When the United Nations General Assembly meets this week, world leaders will review progress toward the Millennium Development Goals (MDGs) and debate the next global development agenda. There is little question that the next framework will have a critical bearing on whether, and by how much, maternal mortality will be reduced in the coming years. The priority that maternal health and related issues, such as HIV and AIDS and family planning, receive in the global framework will influence health policy and programming around the world.
As a group of maternal health experts representing WHO and USAID pointed out in a commentary published in August in The Lancet Global Health:
“Between 1990 and 2010, maternal mortality decreased globally by nearly 50%, from 543 000 maternal deaths per year to 287 000, with the greatest reductions in the second half of this period. A major catalyst for this progress was the target set by Millennium Development Goal 5: reduction of the maternal mortality ratio by 75% between 1990 and 2015. Later, a second target on reproductive health was added, which has undoubtedly contributed to accelerated progress.”

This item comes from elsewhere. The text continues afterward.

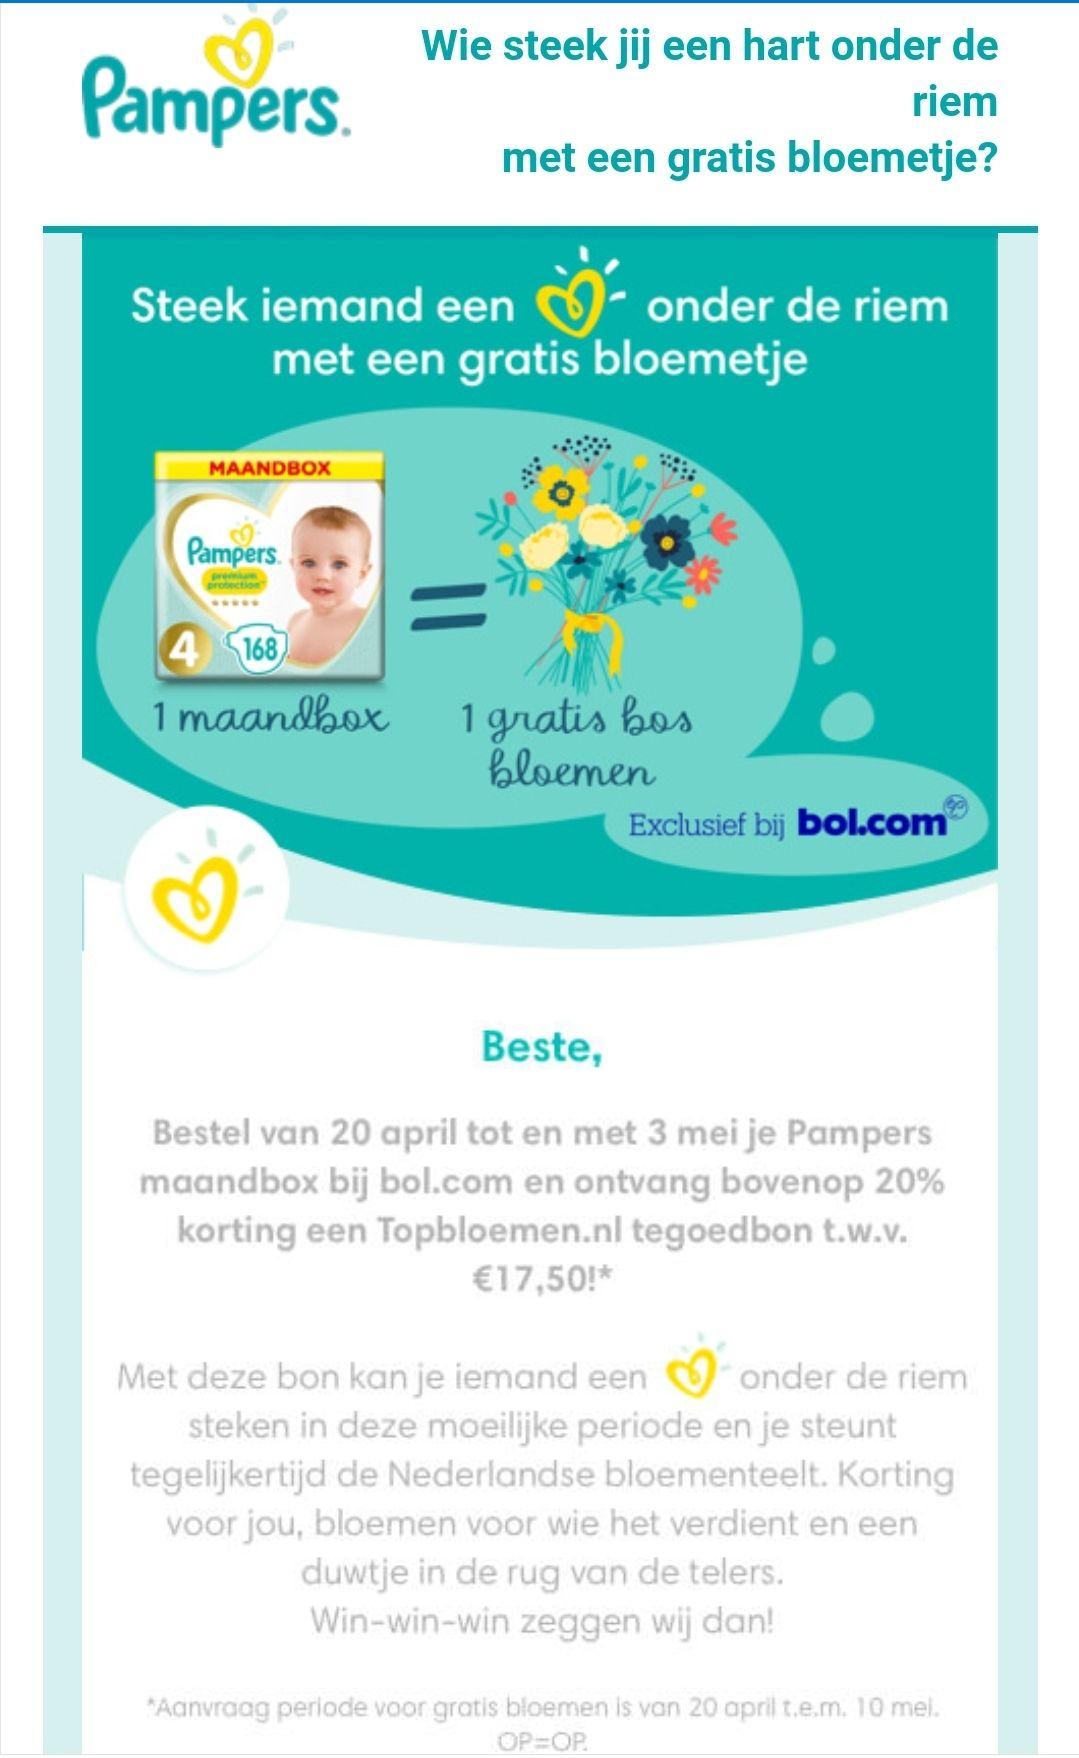 1 maandbox Pampers @ Bol.com = 1 bos bloemen @ Topbloemen.nl

Going in to the debate, there is good reason to believe that maternal health will remain on the agenda. In May, the High Level Panel of Eminent Persons (HLP), commissioned by UN Secretary Ban Ki-Moon recommended that the UN adopt a set of 12 interrelated goals, each supported by a set of ambitious targets for achieving a vision of sustainable development, that ensures that the world of 2030 is “more equal, more prosperous, more peaceful, and more just.” Among the goals and targets, the HLP recommended that maternal mortality ratio be reduced to “no more than X deaths per 100,000 births” by 2030 as part of goal 4, which seeks to “Ensure Healthy Lives.” Unlike the MDG target, which proposed a 75 percent reduction in the maternal mortality ratio for all countries, regardless of what their MMR was at the baseline, this proposed measure would define progress against an absolute figure. Depending on how “X” is defined, then, many countries would start off having “achieved” the target, while others might be challenged to reduce their MMR by an even greater degree than the 75 percent set by the MDGs.
In the months since the HLP offered its recommendations, policy makers, researchers and others have begun to consider the proposed goal, as well as the implications that the shift from a relative to an absolute measure would have for priorities in global and national efforts to improve maternal health. For instance, the recent Lancet commentary proposed one response, suggesting that the UN adopt the overall target for countries to achieve an MMR of no more than 50 deaths/100,000 births by 2035, along with more specific targets and national strategies for countries that currently have maternal mortality ratios of over 400 deaths/100,000 births, as well as for addressing inequities within countries where overall maternal mortality is relatively close to the target (under 100/100,000) by focusing on improving maternal health among subpopulations with higher than average maternal mortality rates. At the same time, the authors called for new strategies and approaches to measure and reduce maternal mortality.
The General Assembly debate provides an important opportunity to reflect on the progress, challenges and lessons learned under the MDGs, and to consider the best ways of accelerating global and national progress toward reducing maternal mortality after 2015.
We want to hear from you. What role do you think MDG5 has played in accelerating progress toward reducing maternal mortality? Has the time come to shift to an absolute target, or is a relative measure more useful? What challenges and opportunities do you see in the proposed overall framework which groups maternal health with other health issues? Is reducing the maternal mortality ratio the best way to measure progress toward ending preventable maternal deaths, or would a different measure be more useful?